Because you are in the wasi-rs crate's issue tracker, I want to clarify that this means a mapping that is used for guest code, i.e. code which is compiled with --target wasm32-wasip2, which produces a Wasm Component. Those components are run in a wasm engine (wasmtime or jco or embeddings built out of those like fermyon's spin or cosmonic's wasm-cloud, or etc...) and the wasm engine provides host implementations of all of the functions imported by those components.

It would be very valuable to the community to make it possible to run external ecosystem crates, like axum, inside a component.
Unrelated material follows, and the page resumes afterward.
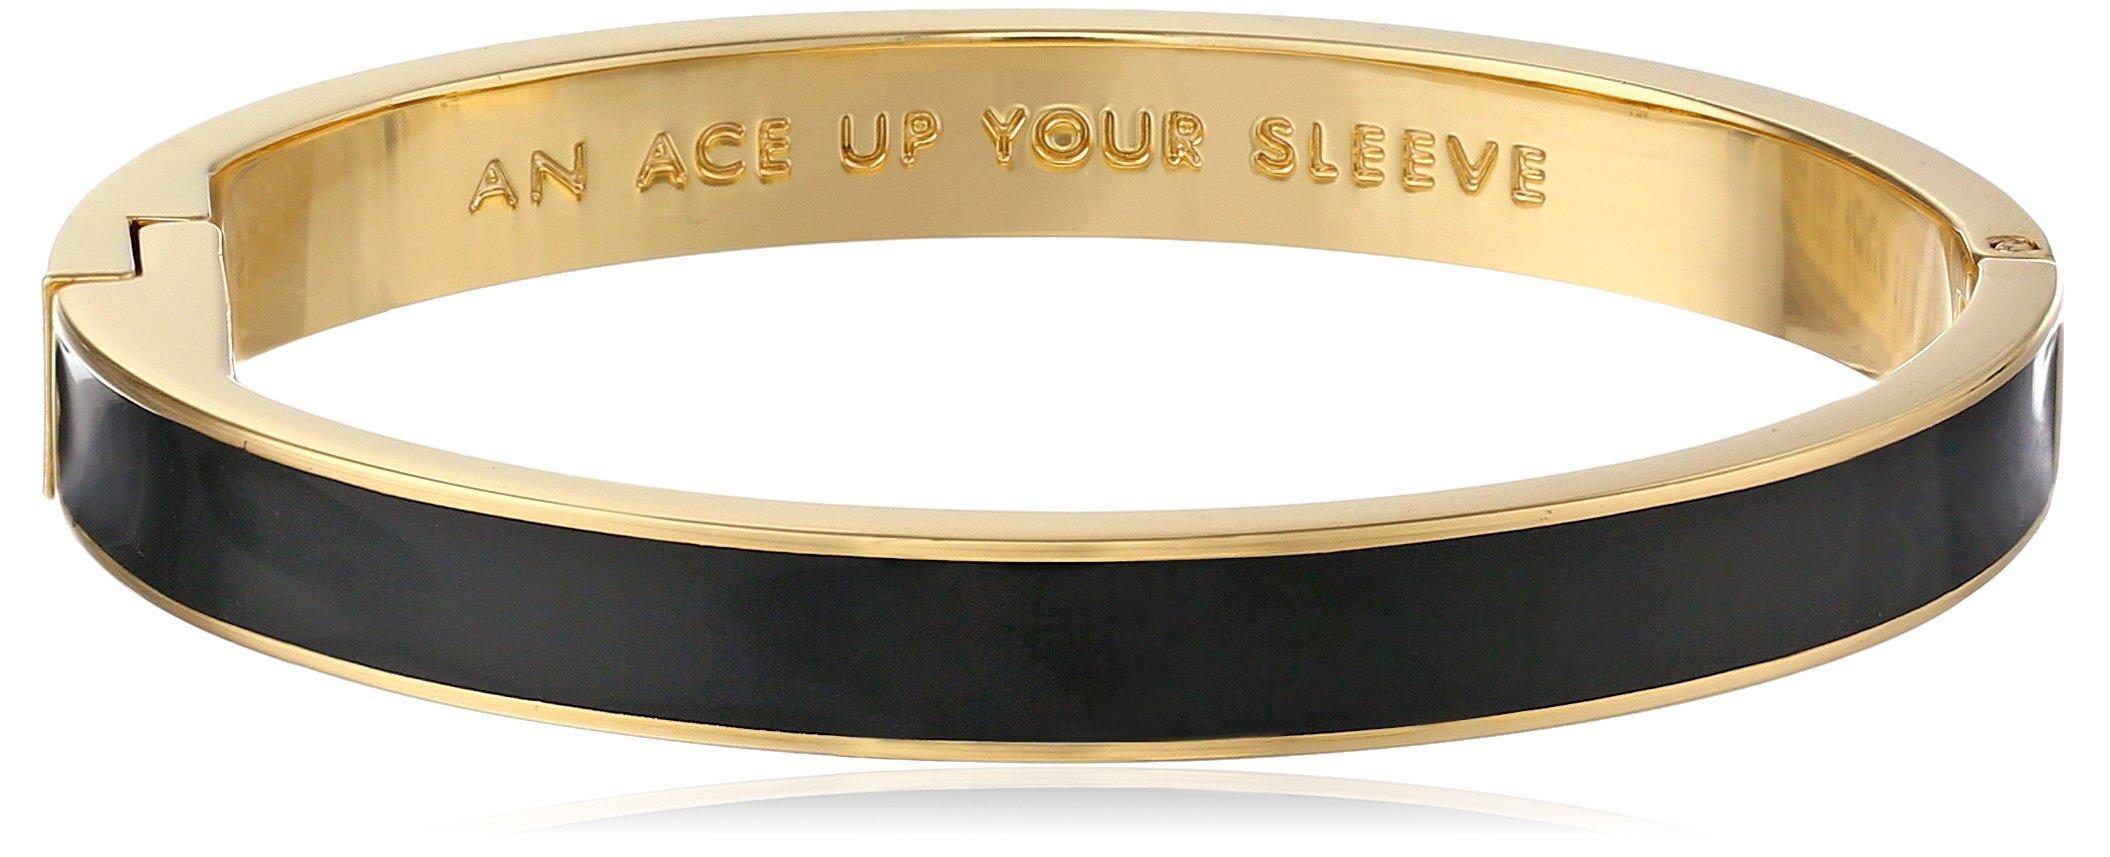 Kate Spade New York Idiom Bangles Ace Up Your Sleeve Hinged Bracelet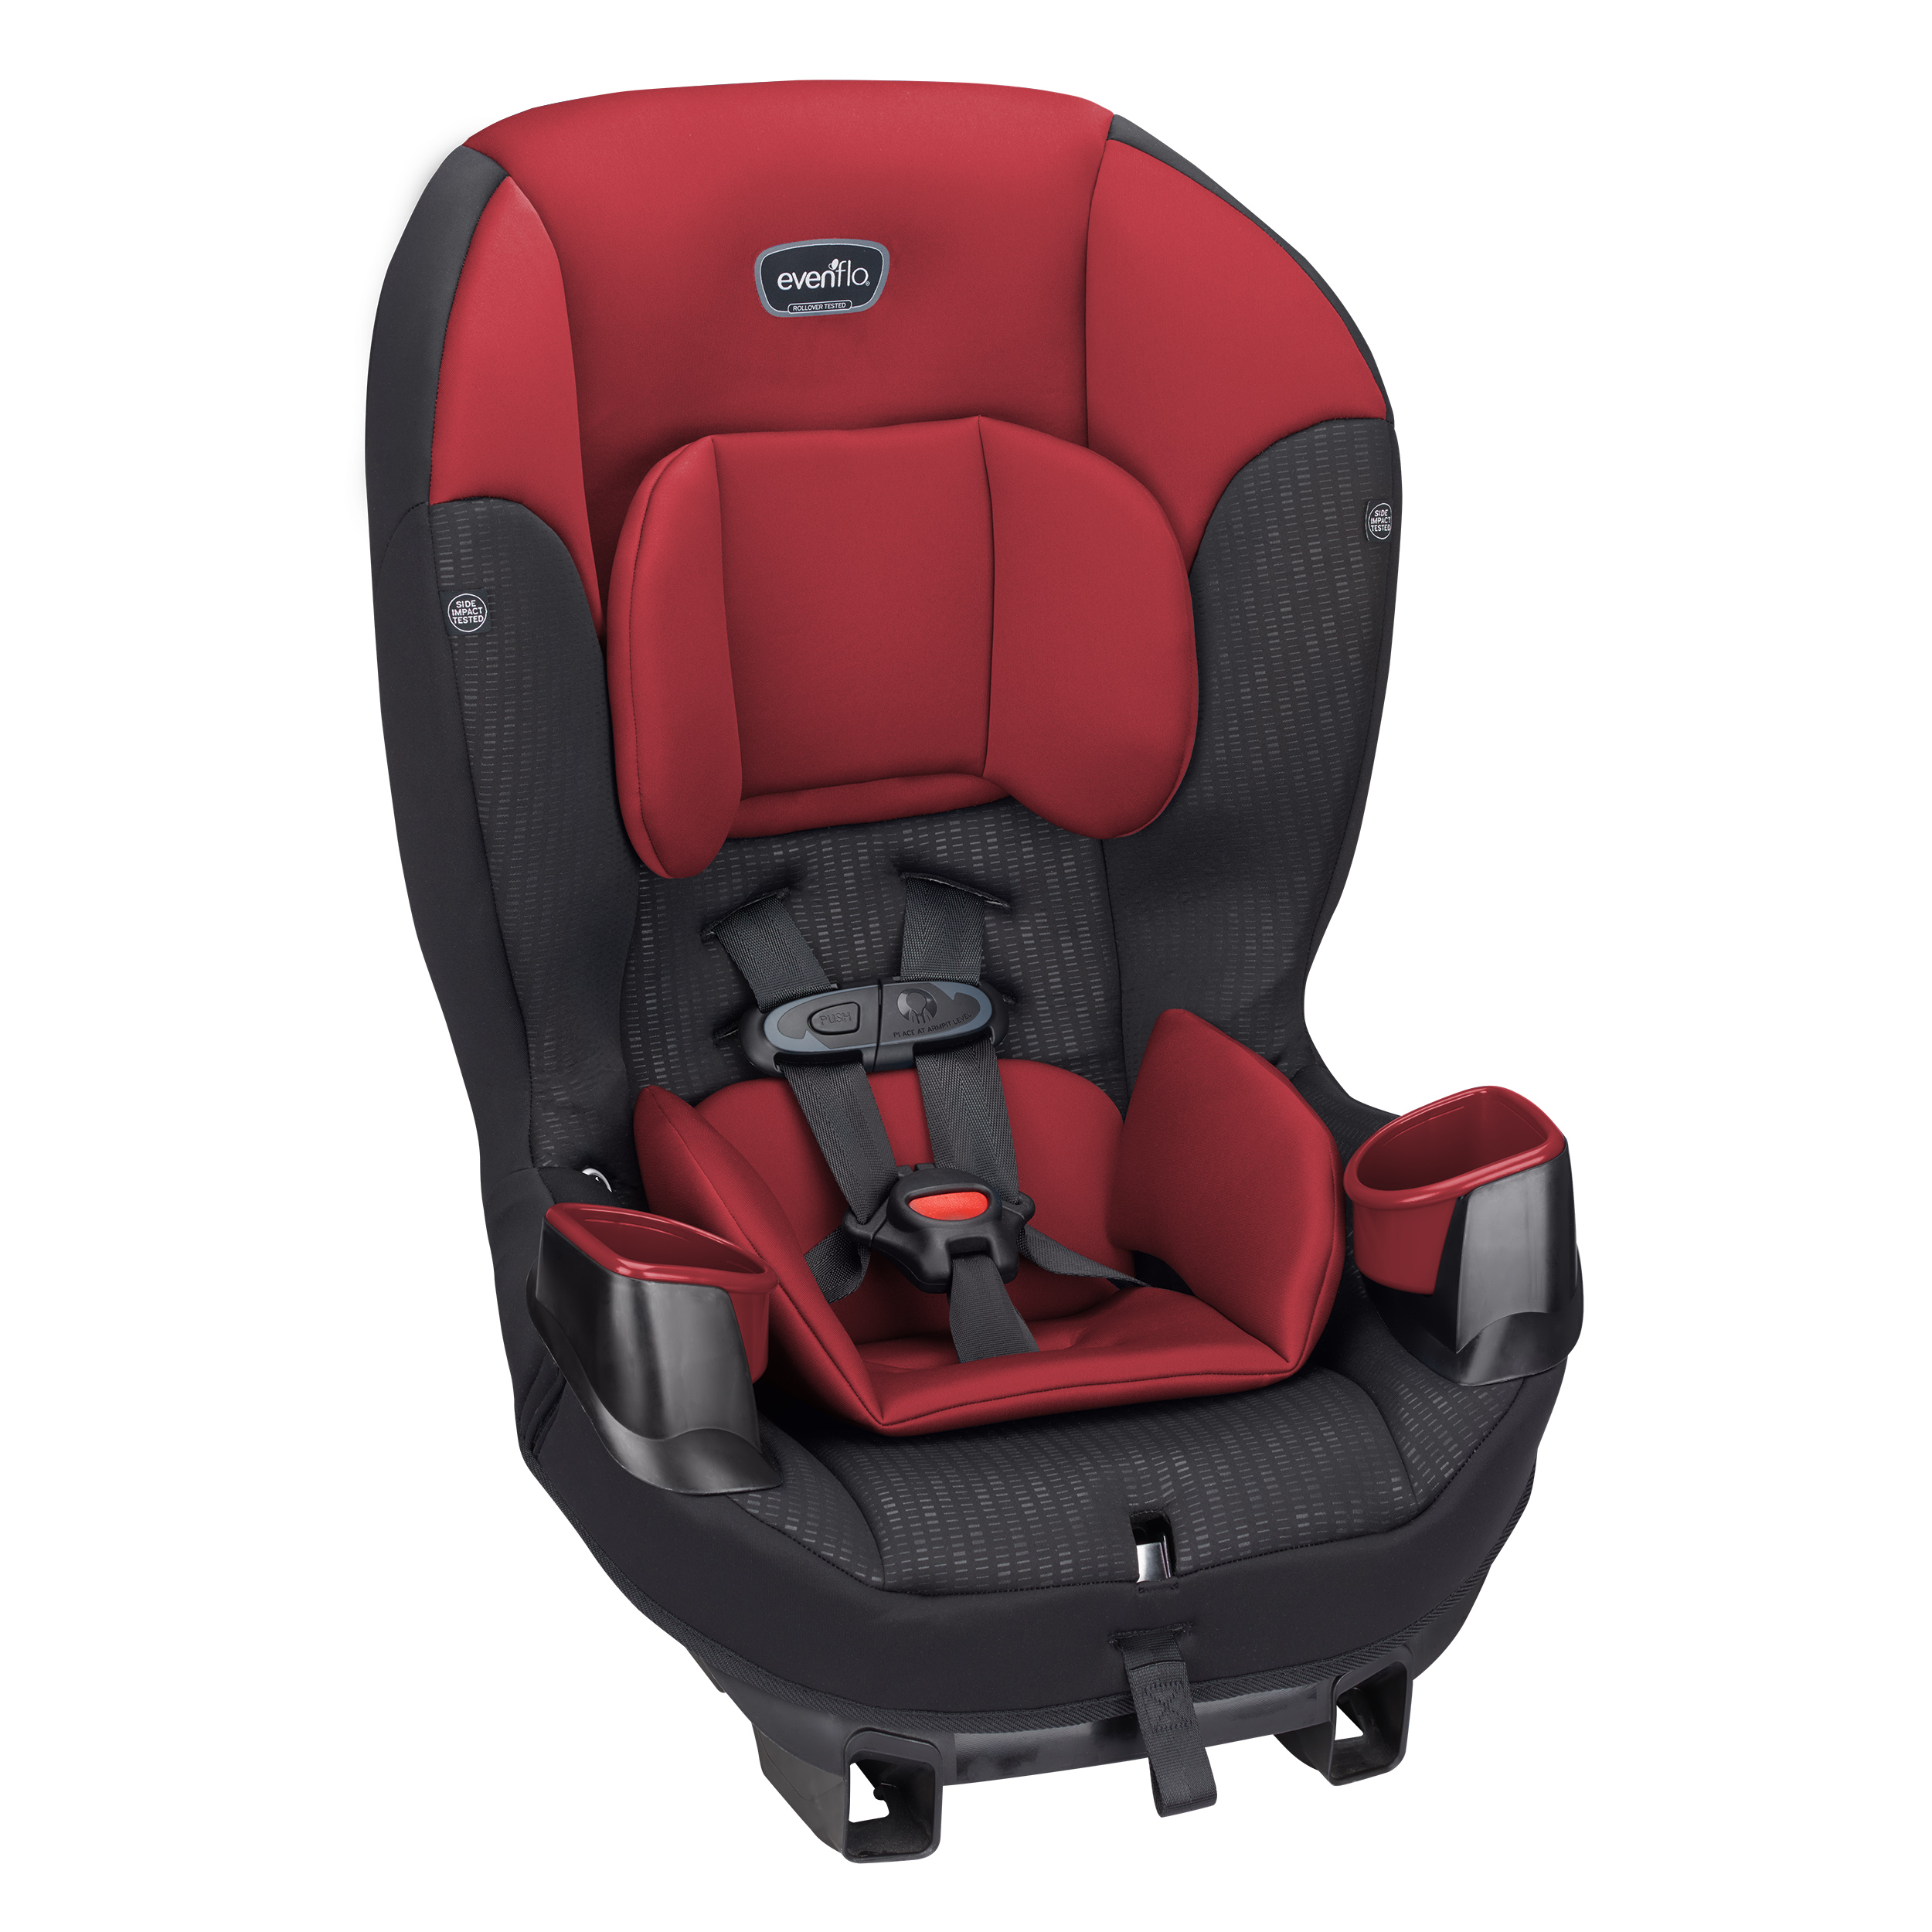 Evenflo Sonus65 Convertible Car Seat, choose your color

The best possible outcome, from my perspective, is that a crate such as axum has a dependency on the wasi crate guarded by #[cfg(target_family="wasm", target_env = "p2")] and uses those bindings directly in its implementation, rather than raw sockets and HTTP protocol serializer/deserializer and a tls implementation such as rustls. However, since thats a pretty big architectural departure from what axum and its peers have today, we created wstd as an intermediate solution that folks can use today, and to demonstrate to axum and its peers's maintainers how a wasi-http component works.

wstd isn't very fleshed out in terms of usability, its very much a prototype in the direction of something nicer than the raw bindings. So, one thing you could do that is much less ambitious than porting all of axum to wasmtime-wasip2 is making a derivative of axum (e.g. axum_wstd) which uses wstd under the hood, which users could port many existing axum programs to by using it as axum_wstd = { version = "...", package = "axum" } in a Cargo.toml.

wasmtime-wasi-http is a host implementation of wasi-http, which means it operates at the same trust level as the wasmtime engine itself. All that wasmtime guarantees to wasmtime-wasi-http is that the arguments passed to import functions conform to the type system described in the wasi-http wit, but further validation is required in some cases to map that to hyper, or else return an appropriate error code to the wasi-http guest. Its use of hyper under the hood is incidental, and in general any component you create using the wasi-http imports or proxy world should run on any engine supporting those worlds, which could be built on totally different http implementations under the hood.